Litchfield Minerals maps 8% copper targets in Northern Territory
- Bill McConnell

- Sep 1
- 3 min read

Litchfield Minerals (ASX: LMS) has injected fresh momentum into its multi-commodity Oonagalabi campaign in the Northern Territory by confirming gossanous copper directly above a high-priority VTEM conductor and mapping new surface cues, which suggest the system is bigger than previously thought.
The latest ground-truthing over VTEM Target 1 returned handheld XRF readings as high as 8 per cent copper from in-situ gossan positioned over the centre of the conductor, with field crews also logging classic Oonagalabi Formation lithologies along strike. Access has now been de-risked, with machinery due on site in the next couple of weeks to prepare pads ahead of a multi-target reverse circulation drilling program.
Field teams have also sharpened two other fronts. At VTEM Target 2, mapping picked up a distinctive plant indicator that Litchfield has only observed in association with copper-zinc mineralisation at Oonagalabi, pointing to a deeper blind sulphide source.
At the Bomb Diggity conductor cluster, new outcrops of the mineralised Oonagalabi Formation extend the corridor by about a kilometre, with stronger alteration than the previously drilled main outcrop. The company believes this provides evidence that it may be approaching the core of the system.

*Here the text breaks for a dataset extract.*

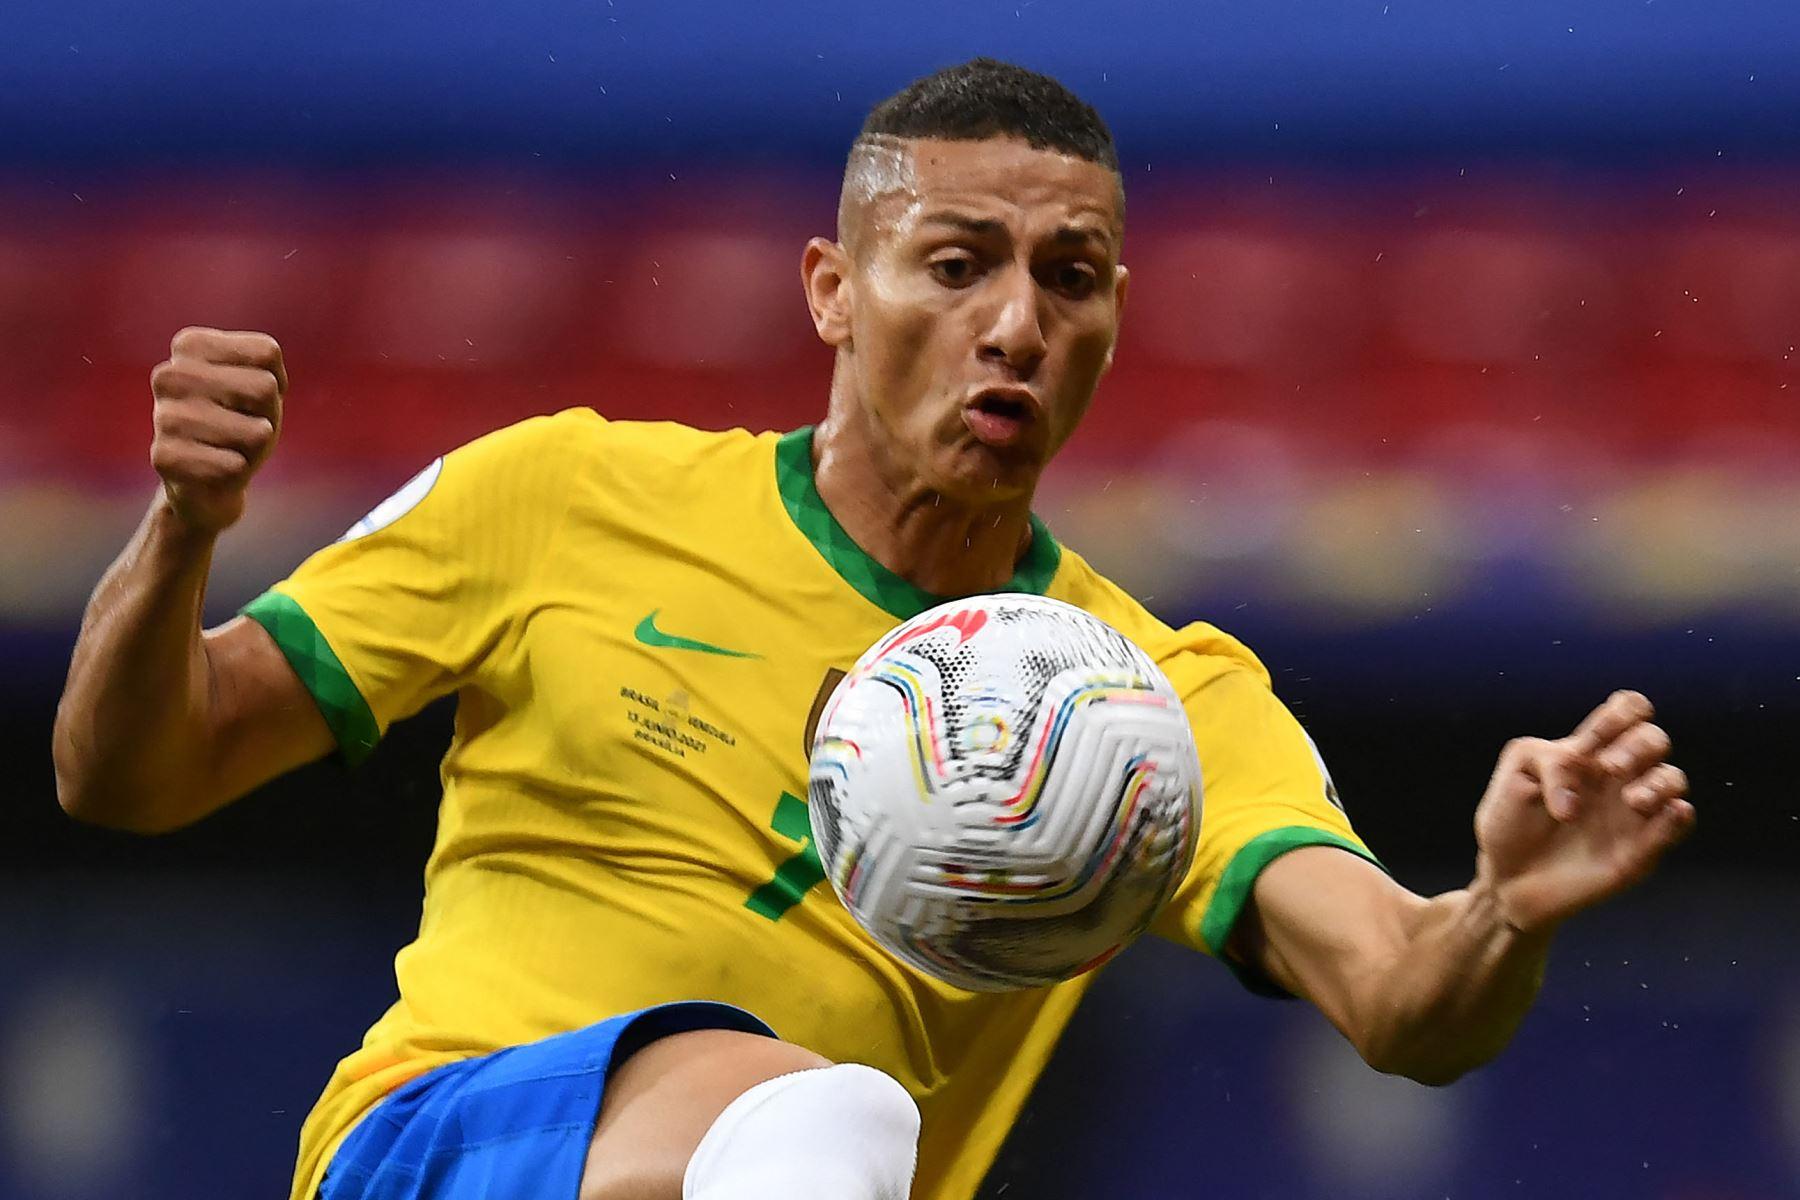 Richarlison de Brasil controla el balón durante el partido de la fase de grupos del torneo de fútbol Conmebol Copa América 2021 contra Venezuela en el Estadio Mane Garrincha en Brasilia. Foto: AFP

And while the XRF numbers are indicative only, the company is awaiting laboratory assays, which it hopes will shortly firm up these results.

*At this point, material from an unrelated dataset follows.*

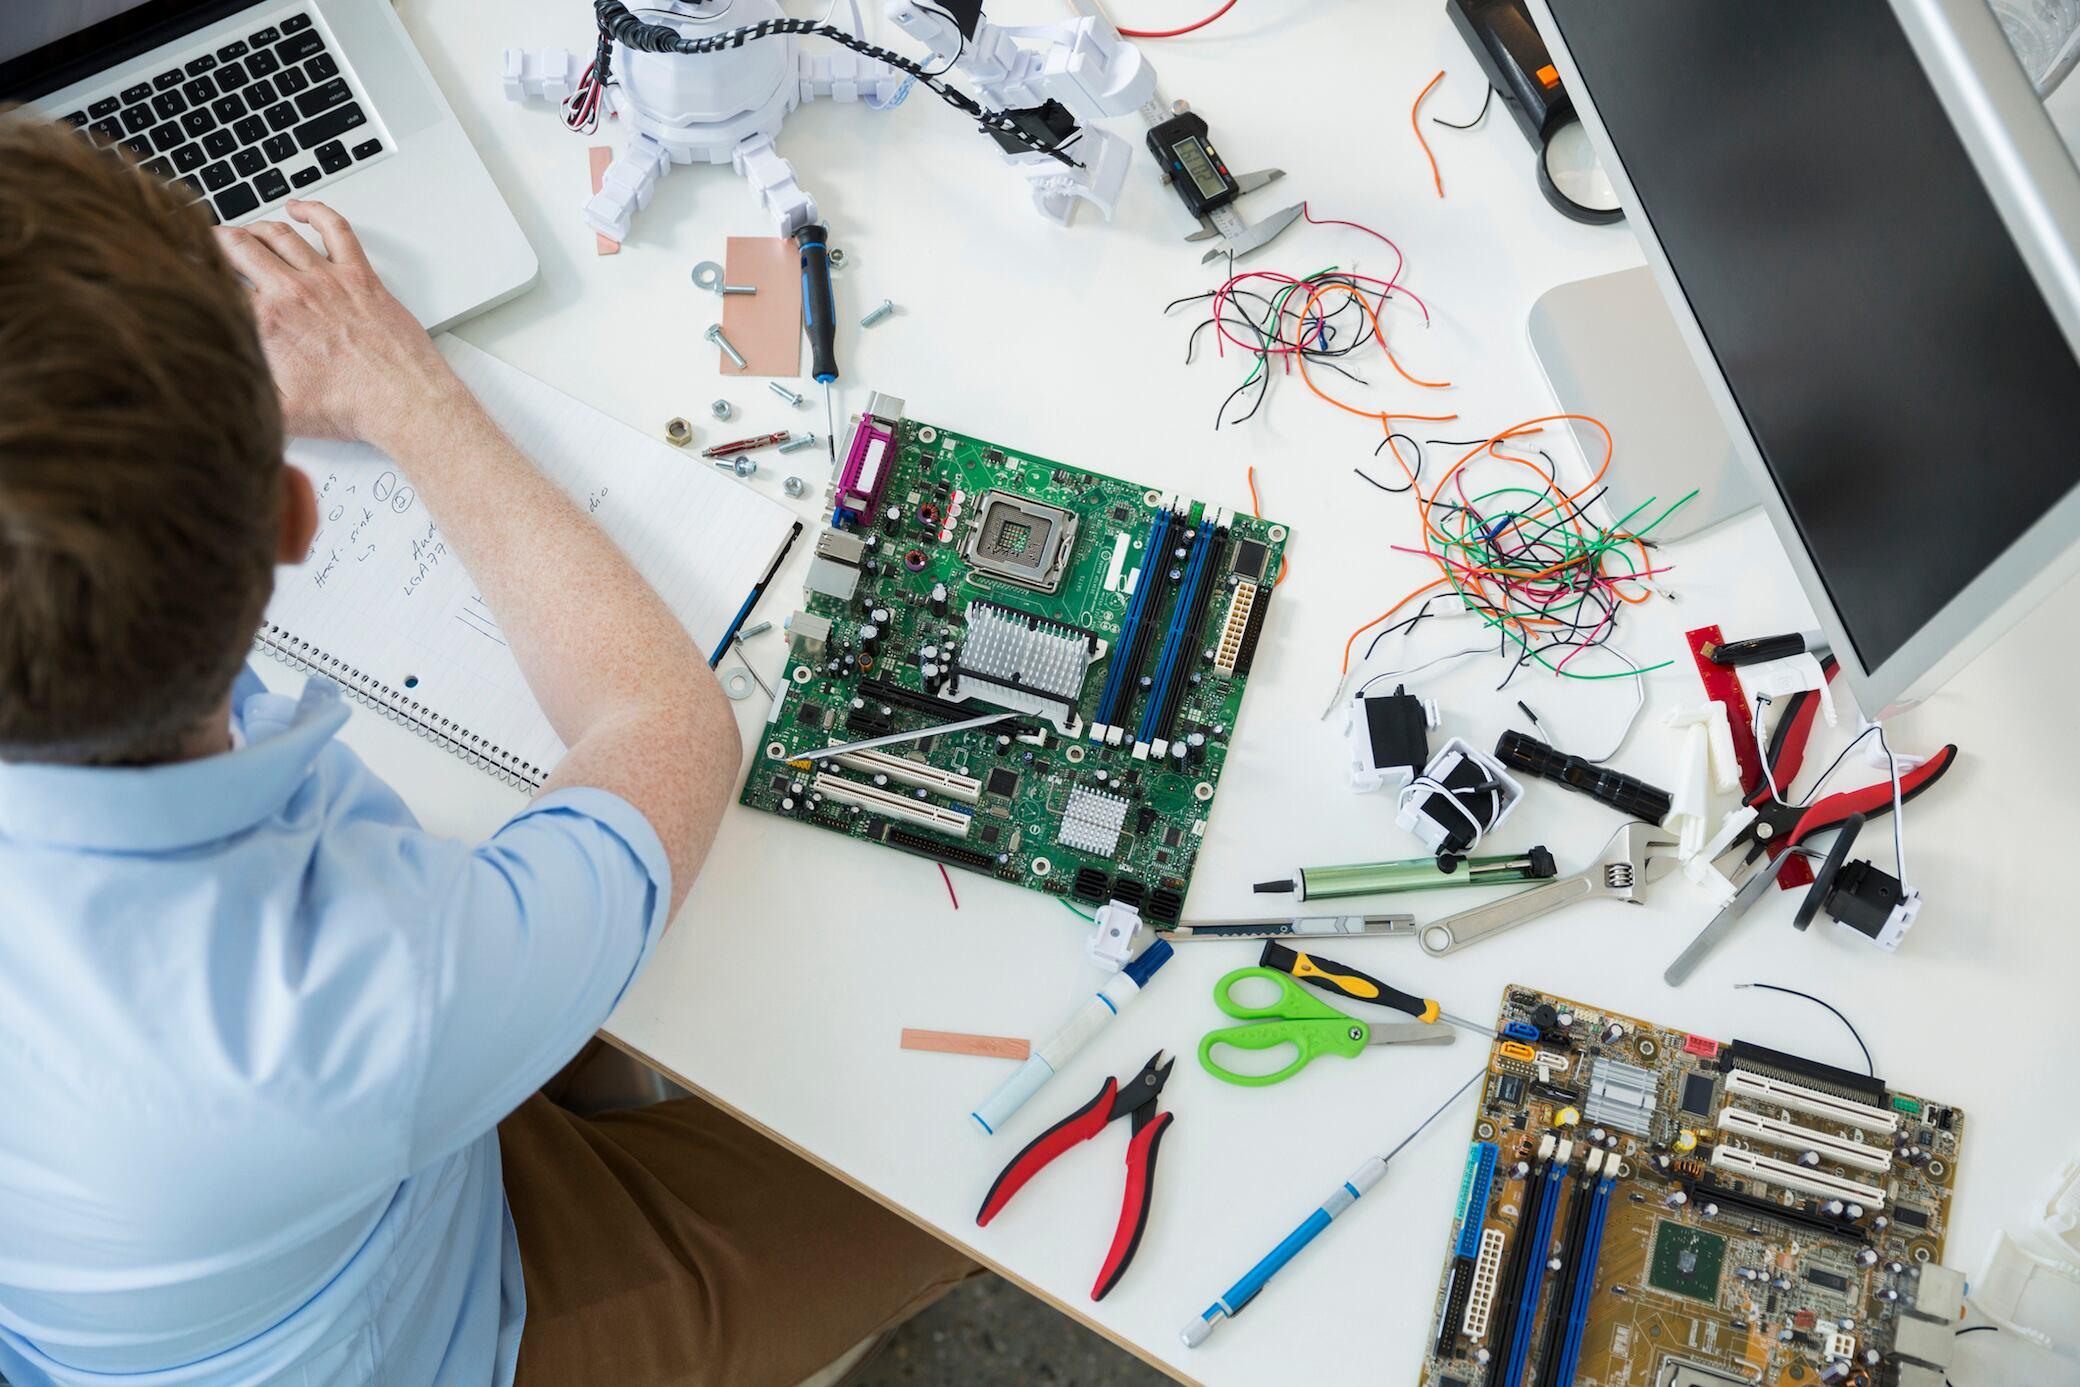 Die Reparatur von defekten Geräten feiert ein Comeback

Ground-truthing and final VTEM data materially lift our conviction in Oonagalabi as a potentially large, significant mineralised system… The only way to prove this is to drill and that’s exactly what we’re preparing to do.
Litchfield Minerals Managing Director Matthew Pustahya
Pustahya said shareholder support for the company’s current share purchase plan would allow it to methodically test more of its high-priority targets.
Those targets emerged from a recent VTEM campaign conducted in the past couple of weeks that defined five conductor clusters and flagged 14 priority-one anomalies with responses consistent with sulphides. Several aligned with the same stratigraphic horizon that hosts known copper-zinc mineralisation.
Drill pads and tracks are slated for the next week or so, with drilling to begin at Bomb Diggity structural corridor, before drilling stepping into potential gold-rich zones and selected conductors, subject to clearances.
Recent work has already broadened Litchfield’s geological canvas. Phase one reverse circulation drilling in the June quarter returned broad copper and zinc intercepts within the Oonagalabi Formation and a new magnetite-hosted gold-bismuth-style, with a 15-metre intercept grading 0.45 grams per tonne (g/t) gold, 0.17 per cent bismuth, 0.35 per cent copper and 0.12 per cent zinc from 50m. This was interpreted as a separate metallogenic event.
Bomb Diggity has been floated as a potential heat and metal source for the mineralisation and Litchfield plans to drill a deep diamond hole later this field season.
On the balance sheet side, Litchfield banked a $500,000 placement at 10 cents a share mid-last month and launched a share purchase plan targeting up to $1 million on the same terms, with insider participation signalling confidence ahead of the drilling push.
Earlier in June, the Northern Territory Government also backed the program through three geophysics and drilling collaboration grants worth about $256,000, to co-fund the Oonagalabi VTEM survey, a Bomb Diggity diamond test and an airborne magnetic program at Lucy Creek.
Meanwhile, the company is cultivating optionality alongside copper‑zinc. Initial creek‑bed sampling west of Oonagalabi produced up to 44.9 per cent heavy minerals and subsequent QEMSCAN work – or electron microscopy - alongside XRD work confirmed a garnet and pyroxene‑dominant suite with favourable liberation characteristics. This spurred Litchfield to search for processing and offtake partners.
Regionally, at the Lucy Creek 2 prospect in the Georgina Basin, portable XRF rock chips highlighted high‑grade manganese with elevated zinc, lead and silver signatures, prompting geophysical surveys to refine targets.
With groundworks imminent and drilling programs queued behind them, Litchfield is moving into an important quarter. The company now has a larger target map, multiple conductors aligned with the mineralised horizon and the backing to test them - a combination that could prove decisive if the sulphide source sits where the data suggests it should.